I was no more than 10 yards from my campsite taking shots of some interesting rock formations near the water’s edge. The birds were chattering away in the trees, though I couldn’t see any of them clearly enough to take any pictures. I was setting up a shot when the air became dead still. No birdcall whatsoever. I experienced a vague sense of unease and it was only through luck that I noticed a slight movement out of the corner of my eye.
Instinct must have taken over. I began running from the edge of the lake just as something massive filled the air nearby coming straight at me. I heard a loud snap but kept moving toward my camp. I turned to look over my shoulder and was horrified by the sight that confronted me.
A massive beast was no more than three feet behind me and was closing fast. Without thinking I bolted for the tree I had set up under and jumped into the fork. I looked down and there sat the largest crocodile I had ever seen. I thought it must be my imagination but he seemed to be glaring at me with evil intent.
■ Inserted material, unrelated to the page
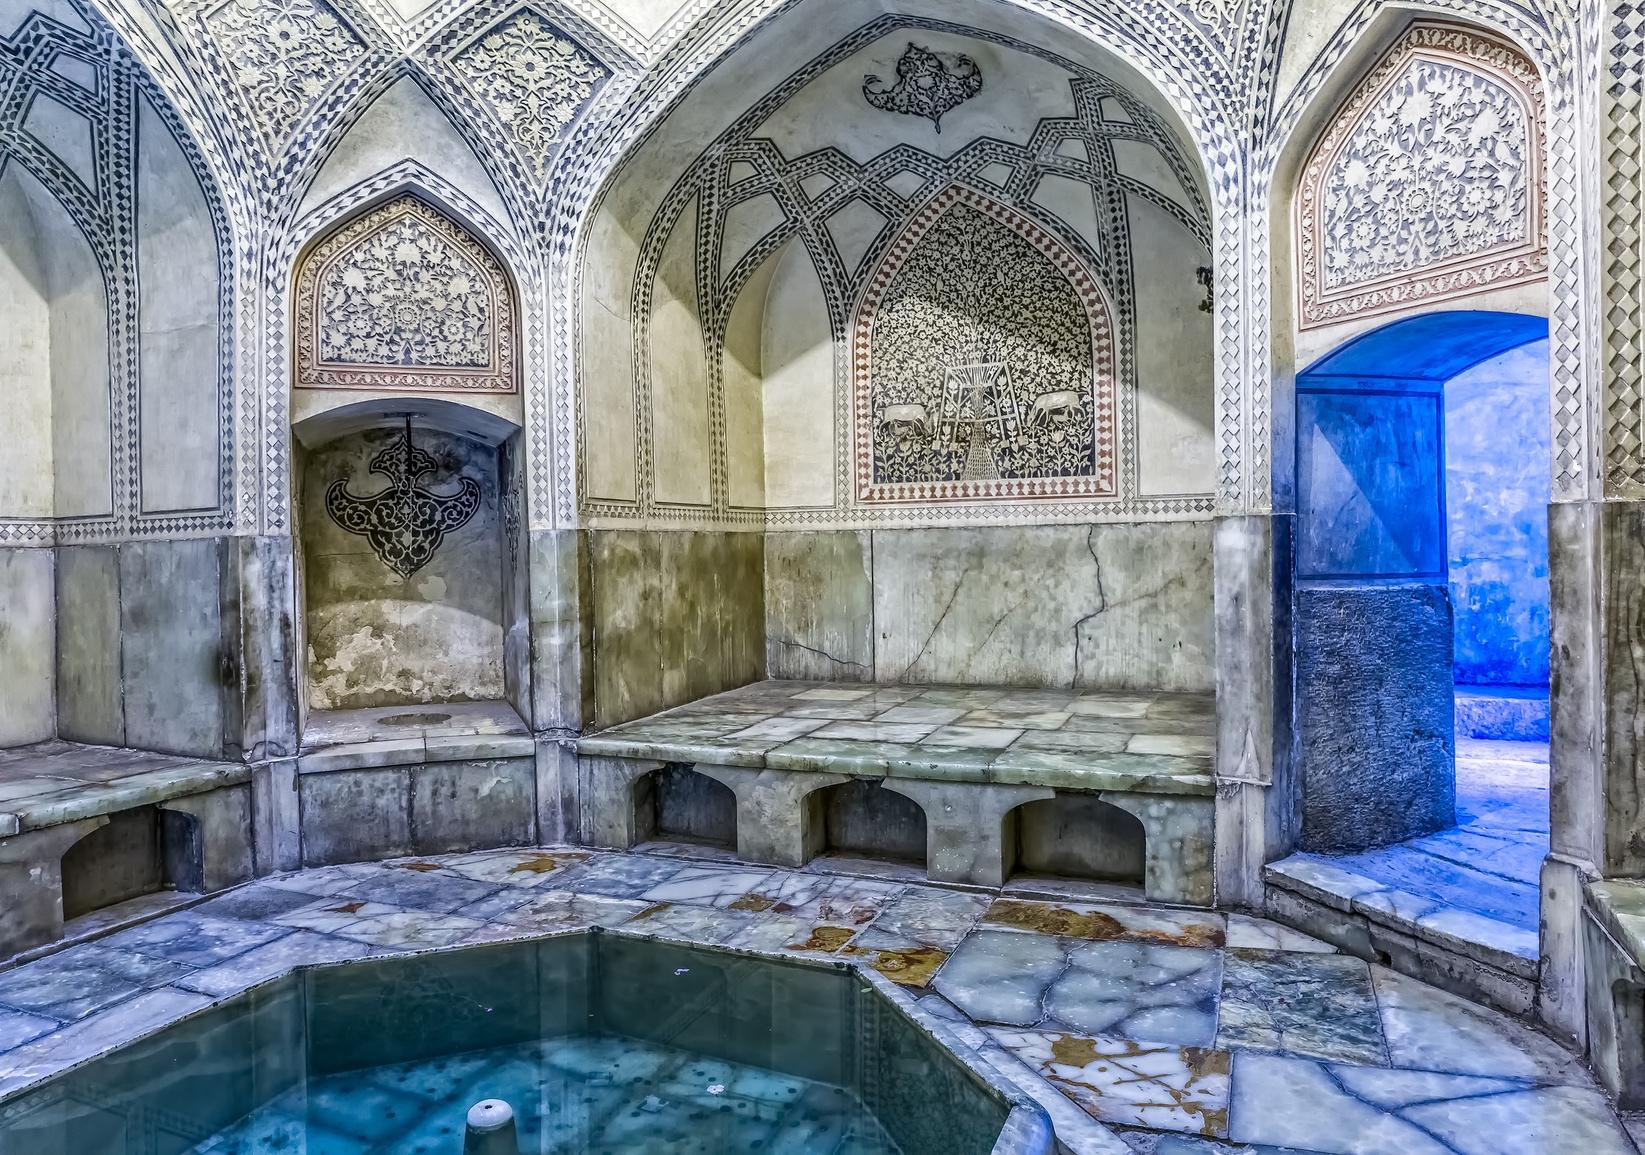 Bath inside the Arg of Karim Khan in the centre of the Shiraz city.

As I sat there, my heart pounding, sweat pouring from me the croc sat motionless and stared at me. The meal that got away, I suppose. I couldn’t believe my eyes. He was all of at least fifteen feet, possibly more and as I stared at him he began making a hissing noise that chilled me to the bone.
There was nothing I could do. I thought that he would retreat back to the lake rather quickly, but to my dismay he stuck around. He walked around my campsite for a while and occasionally looked up at me.
I was bewildered. I knew little of the behaviour of these beasts and now that I had encountered one I was silently berating myself for not familiarizing myself with them. I was aware that they were to be found in lakes and waterways throughout the region but no one had told me that they could be such a danger.
Still, it seemed odd that he was sticking around as though I might be stupid enough to jump down from the tree and let him have another go at me. I decided that staring at him might be encouraging him, so I busied myself taking photos of the rapidly developing sunset, which turned out to be as stunning as I had thought it might.
When at last I was done with the photography I looked down and discovered that my nemesis was gone. At least that was how things appeared. I looked everywhere I could see in the deepening gloom but there was no sign of him. Still, I had a sense of unease. I had the distinct impression that I was being watched.
I told myself that I was being silly and that I should get down and move my camp further inland to avoid becoming a meal but I found myself unable to act. I dithered a while longer, but I soon realized that the darker it became the harder it would be spot any sudden movement when I did eventually get down. I gathered my courage and eased myself down out of the tree.
It proved to be a good move to get down when I did but a bad one to have moved at all. My feet no more than hit the ground when I saw movement off to my right. My mind almost refused to accept what my eyes were registering. There was the beast coming at me at full speed once again.
I jumped back up into the fork of the tree no more than two seconds before he reached the spot I had been standing. I sat there gasping for air and staring, dumbfounded into the most malevolent pair of eyes I had ever seen.